HIGHLIGHT() retrieves all available full-text fields from document storage and highlights them against the provided query. Field syntax in queries is supported. Field text is separated by field_separator, which can be modified in the options.

SQL
SELECT HIGHLIGHT() FROM books WHERE MATCH('@title one');
+-----------------+
| highlight()     |
+-----------------+
| Book <b>one</b> |
+-----------------+
1 row in set (0.00 sec)

Optional first argument in HIGHLIGHT() is the list of options.

SQL
SELECT HIGHLIGHT({before_match='[match]',after_match='[/match]'}) FROM books WHERE MATCH('@title one');
+------------------------------------------------------------+
| highlight({before_match='[match]',after_match='[/match]'}) |
+------------------------------------------------------------+
| Book [match]one[/match]                                    |
+------------------------------------------------------------+
1 row in set (0.00 sec)

The optional second argument is a string containing a single field or a comma-separated list of fields. If this argument is present, only the specified fields will be fetched from document storage and highlighted. An empty string as the second argument signifies "fetch all available fields."

SQL
SELECT HIGHLIGHT({},'title,content') FROM books WHERE MATCH('one|robots');
+---------------------------------------------------------------------------------------------------------------------------------------------------------------------------------------+
| highlight({},'title,content')                                                                                                                                                         |
+---------------------------------------------------------------------------------------------------------------------------------------------------------------------------------------+
| Book <b>one</b> | They followed Bander. The <b>robots</b> remained at a polite distance, but their presence was a constantly felt threat.                                             |
| Bander ushered all three into the room. <b>One</b> of the <b>robots</b> followed as well. Bander gestured the other <b>robots</b> away and entered itself. The door closed behind it. |
+---------------------------------------------------------------------------------------------------------------------------------------------------------------------------------------+
2 rows in set (0.00 sec)

Alternatively, you can use the second argument to specify a string attribute or field name without quotes. In this case, the supplied string will be highlighted against the provided query, but field syntax will be ignored.

SQL
SELECT HIGHLIGHT({}, title) FROM books WHERE MATCH('one');
+---------------------+
| highlight({},title) |
+---------------------+
| Book <b>one</b>     |
| Book five           |
+---------------------+
2 rows in set (0.00 sec)

The optional third argument is the query. This is used to highlight search results against a query different from the one used for searching.

SQL
SELECT HIGHLIGHT({},'title', 'five') FROM books WHERE MATCH('one');
+-------------------------------+
| highlight({},'title', 'five') |
+-------------------------------+
| Book one                      |
| Book <b>five</b>              |
+-------------------------------+
2 rows in set (0.00 sec)

Although HIGHLIGHT() is designed to work with stored full-text fields and string attributes, it can also be used to highlight arbitrary text. Keep in mind that if the query contains any field search operators (e.g., @title hello @body world), the field part of them is ignored in this case.

SQL
SELECT HIGHLIGHT({},TO_STRING('some text to highlight'), 'highlight') FROM books WHERE MATCH('@title one');
+----------------------------------------------------------------+
| highlight({},TO_STRING('some text to highlight'), 'highlight') |
+----------------------------------------------------------------+
| some text to <b>highlight</b>                                  |
+----------------------------------------------------------------+
1 row in set (0.00 sec)

Several options are relevant only when generating a single string as a result (not an array of snippets). This applies exclusively to the SQL HIGHLIGHT() function:

snippet_separator

A string to insert between snippets. The default is ....

field_separator

A string to insert between fields. The default is |.

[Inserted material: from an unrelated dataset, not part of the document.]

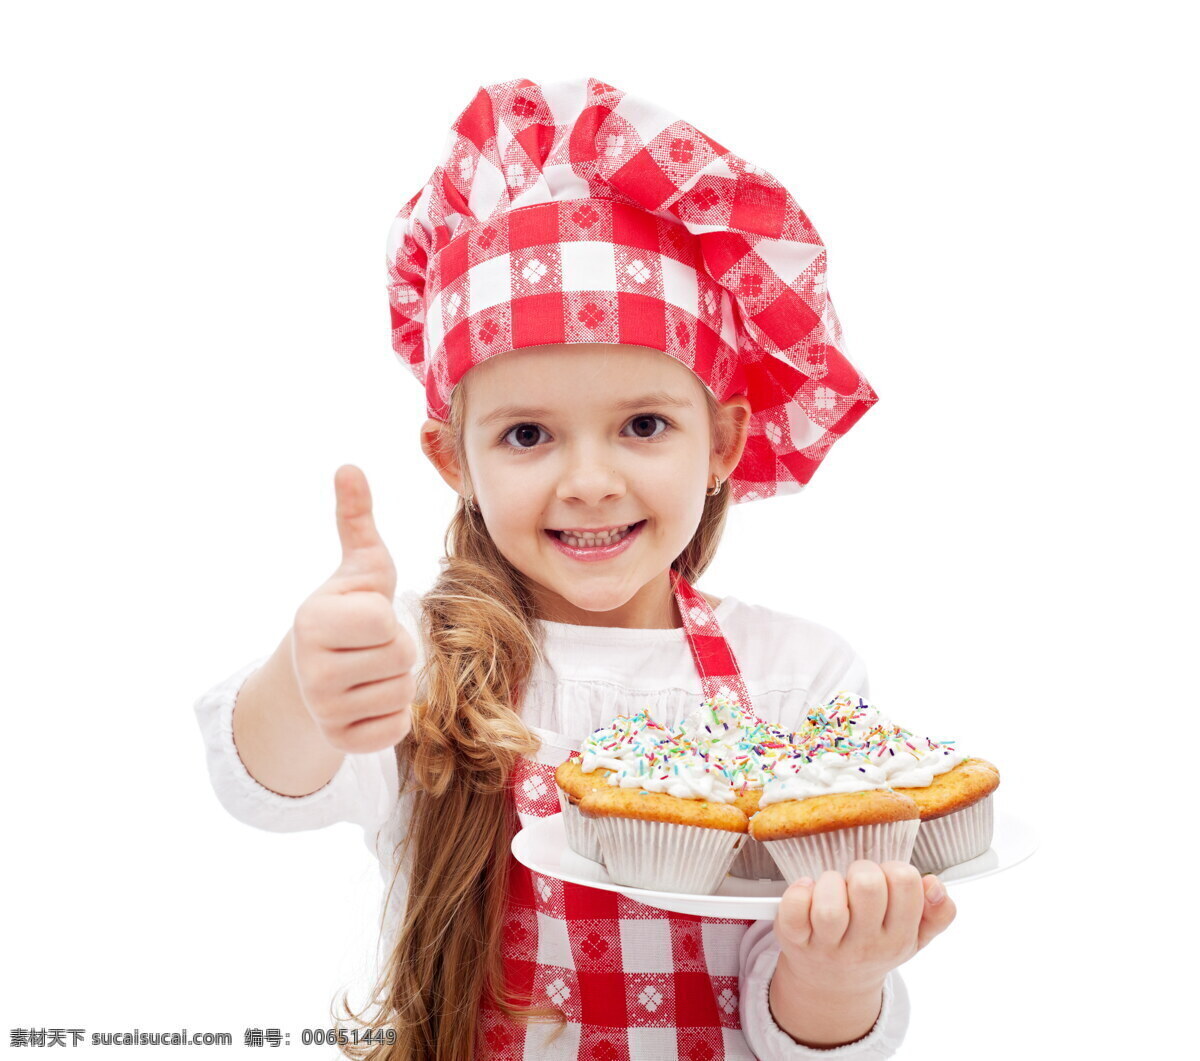 小 厨师 儿童 美女 可爱 蛋糕 甜点 女孩 外国人 称赞 商务人士 人物图片

Another way to highlight text is to use the CALL SNIPPETS statement. This mostly duplicates the HIGHLIGHT() functionality but cannot use built-in document storage. However, it can load source text from files.

Highlighting via HTTP

To highlight full-text search results in JSON queries via HTTP, field contents must be stored in document storage (enabled by default). In the example, full-text fields content and title are fetched from document storage and highlighted against the query specified in the query clause.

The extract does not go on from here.